Preparing curries often involves a lot of chopping, but you can get around that easily. Take advantage of the pre-chopped or no-salt-added canned ingredients on the market, such as matchstick carrots, water chestnuts, and chickpeas. Find more diabetes-friendly Instant Pot recipes here.

Easy Perfectly Poached Chicken Breast

Don’t let poaching chicken breasts scare you, this easy recipe makes flavorful chicken so tender it's easy to shred. Poached chicken has a variety of uses in diabetes-friendly cooking, like shredded chicken tacos or adding some protein to a salad. The uses are endless!

Pad-Thai Flatbread Pizza

Takeout pizza is usually high in calories and carbohydrate. Here’s a healthier pizza that you can make at home using thincrust flatbreads. By skipping the high-fat meats such as pepperoni or sausage, you’ll cut back on the unhealthy fats as well. Paired with a simple salad, this is a complete meal for 2 that can be ready in the time it takes to order pizza out!

Budget-Friendly Roasted Veggie Tacos

Trying to eat a meatless, veggie-packed meal once a week? This recipe gives you all the flavor of tacos, but with so much more fiber and vegetables. Top them with avocado slices for extra flavor if you’d like.

Pad Thai Spaghetti Squash

Spaghetti squash is a low-carb alternative to the traditional rice noodles in Pad Thai. One cup of cooked spaghetti squash contains just 10 grams of total carbohydrate, compared to 42 grams for the rice noodles!

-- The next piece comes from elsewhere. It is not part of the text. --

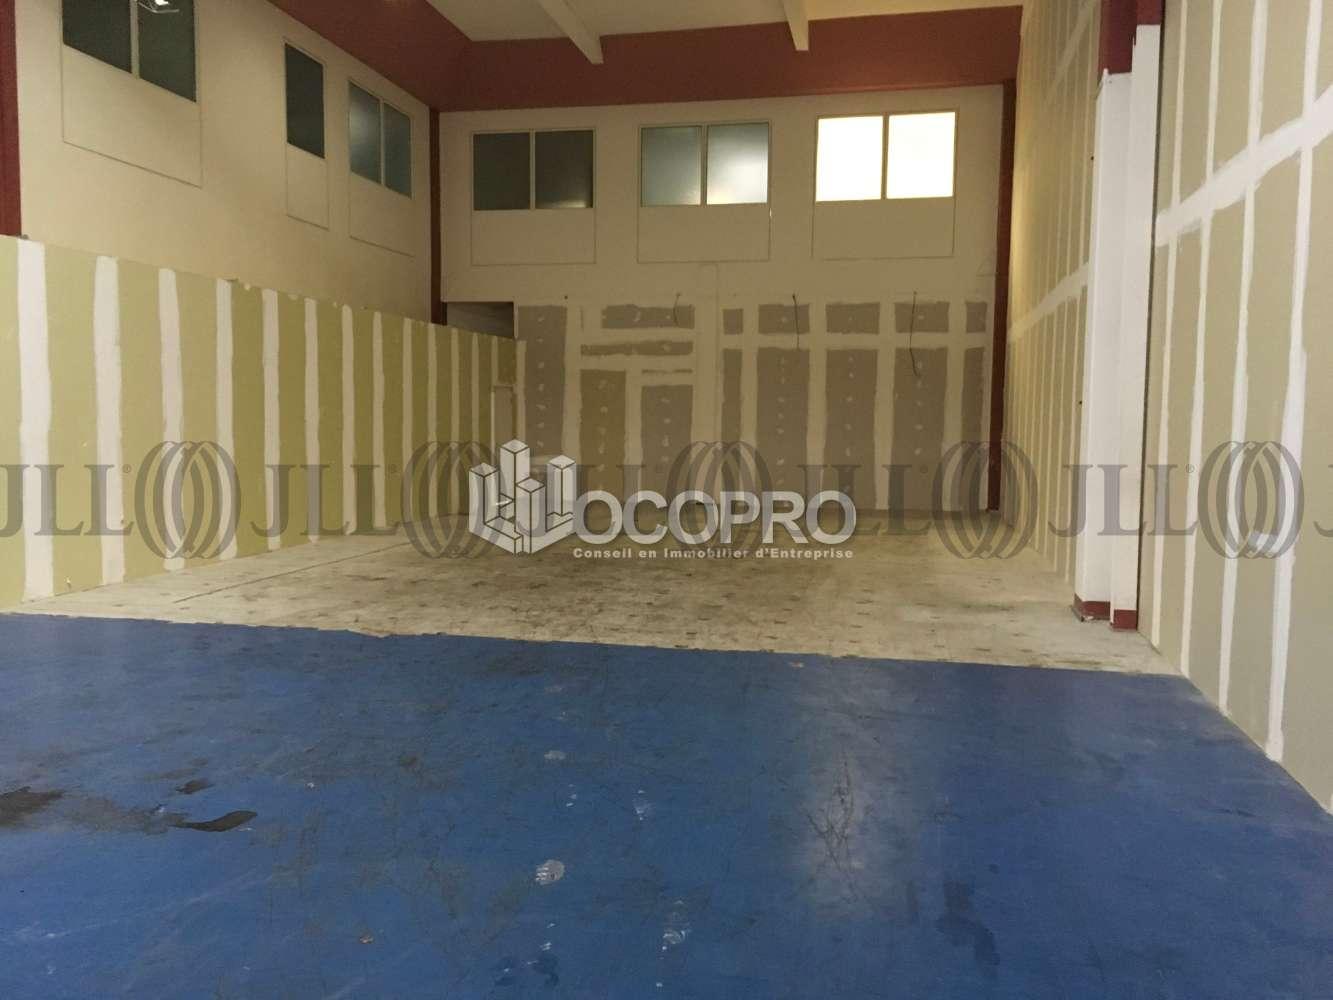 Activités/entrepôt La bocca, 06150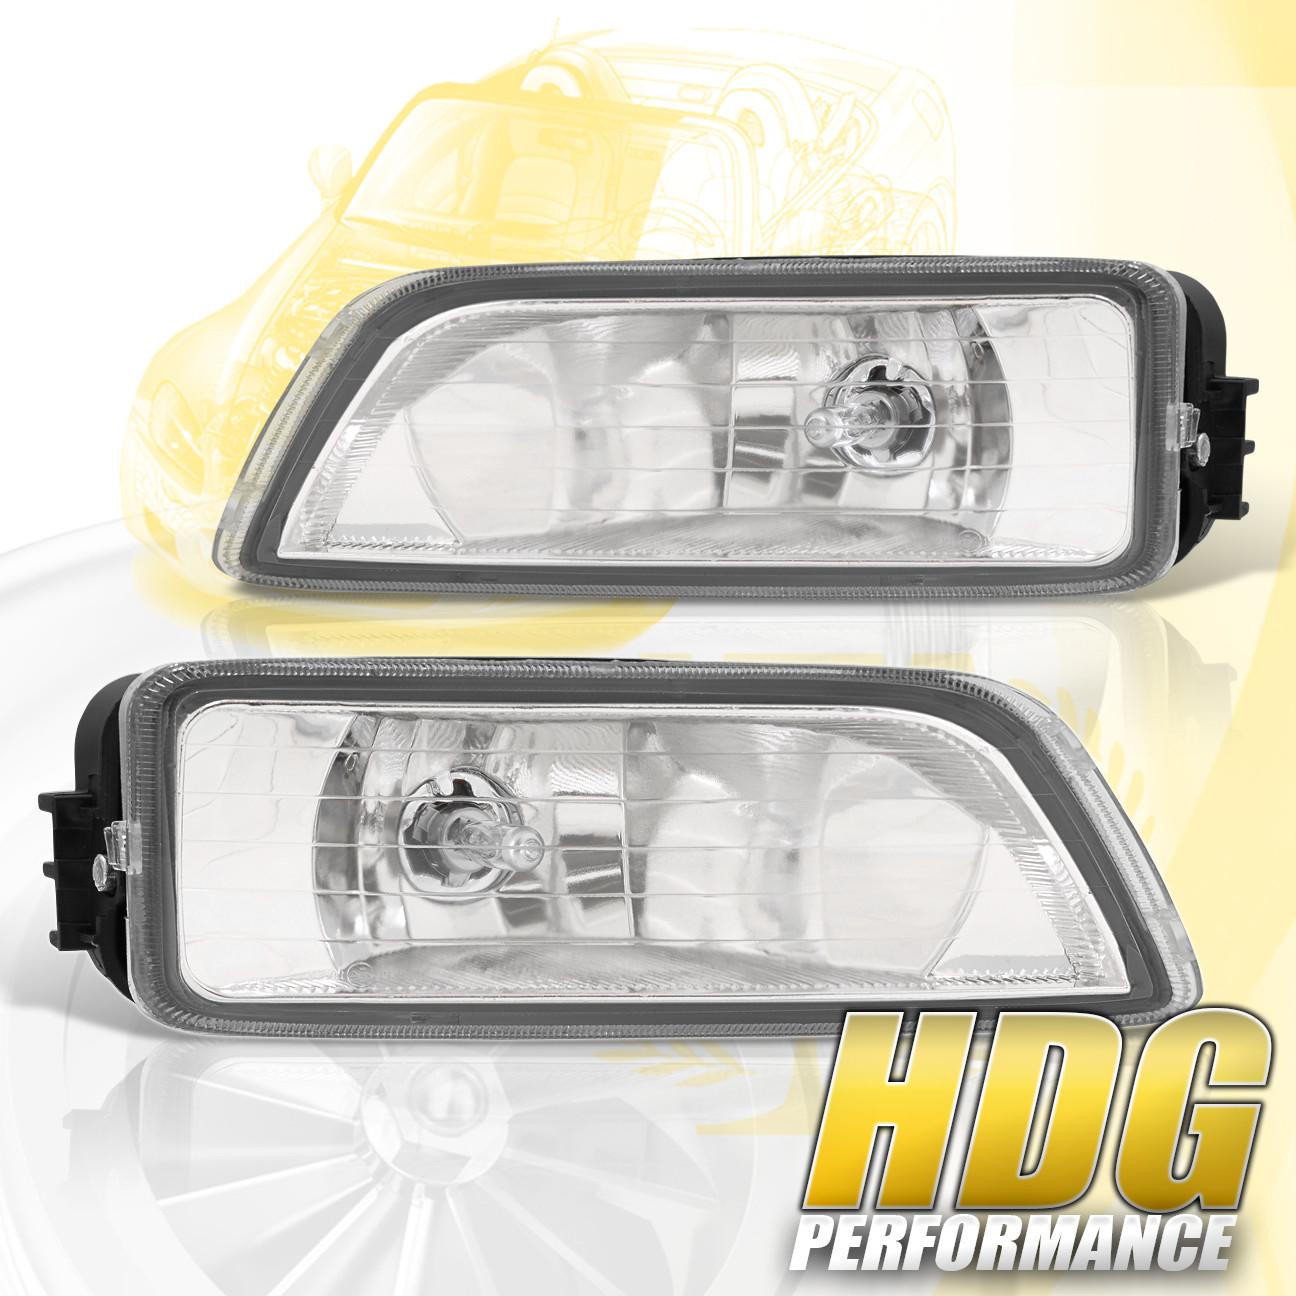 For 2004-2008 Acura TL / 2003-2007 Honda Accord Clear Fog Lights w/ Wiring  Kit

Roasted Chicken with Vegetables and Cranberries

This healthy, diabetes-friendly dish comes together in one pot and makes for a delicious weeknight meal. This recipe, made with fresh tangy cranberries and other vegetables, is low in carbs but high in vitamins, nutrients, and flavor.

Baked Salmon with Ginger-Citrus Sauce

A slightly sweet orange ginger glazed salmon is the centerpiece of this delicious and healthy meal. Use orange juice with 50% less sugar and Splenda® Granulated Sweetener to create an irresistible glaze with less added sugars, carbohydrates and calories. Serve with traditional stir fry vegetables such as broccoli, carrots and sugar-snap peas for a lovely, satisfying meal.

Brisket with Wine Reduction

This dish can be turned into a one-pot medley by adding some carrots and potatoes.